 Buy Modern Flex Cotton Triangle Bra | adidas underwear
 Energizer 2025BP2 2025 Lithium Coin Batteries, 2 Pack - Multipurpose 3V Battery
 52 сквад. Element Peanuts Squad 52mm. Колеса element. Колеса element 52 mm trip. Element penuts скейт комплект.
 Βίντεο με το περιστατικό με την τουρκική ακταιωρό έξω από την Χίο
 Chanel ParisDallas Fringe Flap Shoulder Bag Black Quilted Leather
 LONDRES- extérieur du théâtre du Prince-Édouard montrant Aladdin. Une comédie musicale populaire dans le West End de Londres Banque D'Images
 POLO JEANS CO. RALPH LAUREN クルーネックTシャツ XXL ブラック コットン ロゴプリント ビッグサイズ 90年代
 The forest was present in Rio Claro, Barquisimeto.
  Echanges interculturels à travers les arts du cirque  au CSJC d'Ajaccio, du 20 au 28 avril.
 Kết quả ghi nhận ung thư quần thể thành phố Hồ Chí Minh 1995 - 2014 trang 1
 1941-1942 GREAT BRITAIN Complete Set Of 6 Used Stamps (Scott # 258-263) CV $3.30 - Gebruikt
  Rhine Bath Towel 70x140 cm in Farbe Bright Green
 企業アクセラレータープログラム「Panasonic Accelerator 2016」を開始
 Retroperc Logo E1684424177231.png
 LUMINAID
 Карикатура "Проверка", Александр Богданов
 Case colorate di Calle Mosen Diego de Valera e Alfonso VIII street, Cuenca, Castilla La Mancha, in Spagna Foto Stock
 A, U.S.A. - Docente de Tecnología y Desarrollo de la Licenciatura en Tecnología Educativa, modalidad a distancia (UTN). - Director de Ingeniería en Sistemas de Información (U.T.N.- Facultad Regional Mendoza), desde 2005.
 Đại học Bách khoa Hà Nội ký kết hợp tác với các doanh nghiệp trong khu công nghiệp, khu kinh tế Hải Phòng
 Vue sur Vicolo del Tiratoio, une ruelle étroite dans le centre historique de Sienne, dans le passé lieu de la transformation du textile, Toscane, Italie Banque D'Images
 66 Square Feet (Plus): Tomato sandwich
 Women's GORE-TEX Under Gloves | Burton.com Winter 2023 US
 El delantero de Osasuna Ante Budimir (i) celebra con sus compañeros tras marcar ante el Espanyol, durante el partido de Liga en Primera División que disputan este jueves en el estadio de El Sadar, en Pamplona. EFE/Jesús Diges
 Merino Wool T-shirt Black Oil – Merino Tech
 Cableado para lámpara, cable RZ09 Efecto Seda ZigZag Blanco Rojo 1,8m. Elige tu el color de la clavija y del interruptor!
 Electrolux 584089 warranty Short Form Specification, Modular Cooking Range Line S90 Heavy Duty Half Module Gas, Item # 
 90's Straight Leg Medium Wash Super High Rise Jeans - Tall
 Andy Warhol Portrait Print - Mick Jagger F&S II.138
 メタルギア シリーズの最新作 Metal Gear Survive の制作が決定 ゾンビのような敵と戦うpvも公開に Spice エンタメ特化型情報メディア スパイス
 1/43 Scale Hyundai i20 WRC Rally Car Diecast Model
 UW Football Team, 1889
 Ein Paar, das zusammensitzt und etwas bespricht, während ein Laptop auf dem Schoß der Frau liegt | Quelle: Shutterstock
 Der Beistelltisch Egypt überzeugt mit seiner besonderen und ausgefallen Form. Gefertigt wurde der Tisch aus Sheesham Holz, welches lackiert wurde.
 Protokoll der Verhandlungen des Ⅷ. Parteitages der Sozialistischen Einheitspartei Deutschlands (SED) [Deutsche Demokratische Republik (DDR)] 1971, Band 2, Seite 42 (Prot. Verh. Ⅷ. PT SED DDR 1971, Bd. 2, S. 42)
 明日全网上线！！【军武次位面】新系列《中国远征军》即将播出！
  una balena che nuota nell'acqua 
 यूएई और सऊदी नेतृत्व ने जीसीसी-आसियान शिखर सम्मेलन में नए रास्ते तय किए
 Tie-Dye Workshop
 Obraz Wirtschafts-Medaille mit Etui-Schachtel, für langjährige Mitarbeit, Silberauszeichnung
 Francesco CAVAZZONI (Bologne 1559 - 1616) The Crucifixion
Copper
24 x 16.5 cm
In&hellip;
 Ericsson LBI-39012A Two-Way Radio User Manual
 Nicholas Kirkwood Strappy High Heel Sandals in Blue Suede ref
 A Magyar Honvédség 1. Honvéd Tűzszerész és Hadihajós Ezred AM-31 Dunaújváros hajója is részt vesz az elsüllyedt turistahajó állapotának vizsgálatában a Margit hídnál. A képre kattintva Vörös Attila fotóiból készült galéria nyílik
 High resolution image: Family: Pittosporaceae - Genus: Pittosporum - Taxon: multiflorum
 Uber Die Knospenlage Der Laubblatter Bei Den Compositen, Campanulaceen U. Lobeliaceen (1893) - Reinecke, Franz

══════════════════════════════

> [What you have to do] Go through the data and gather every line that holds "High".

> [Exercise answer]
 90's Straight Leg Medium Wash Super High Rise Jeans - Tall
 Nicholas Kirkwood Strappy High Heel Sandals in Blue Suede ref
 High resolution image: Family: Pittosporaceae - Genus: Pittosporum - Taxon: multiflorum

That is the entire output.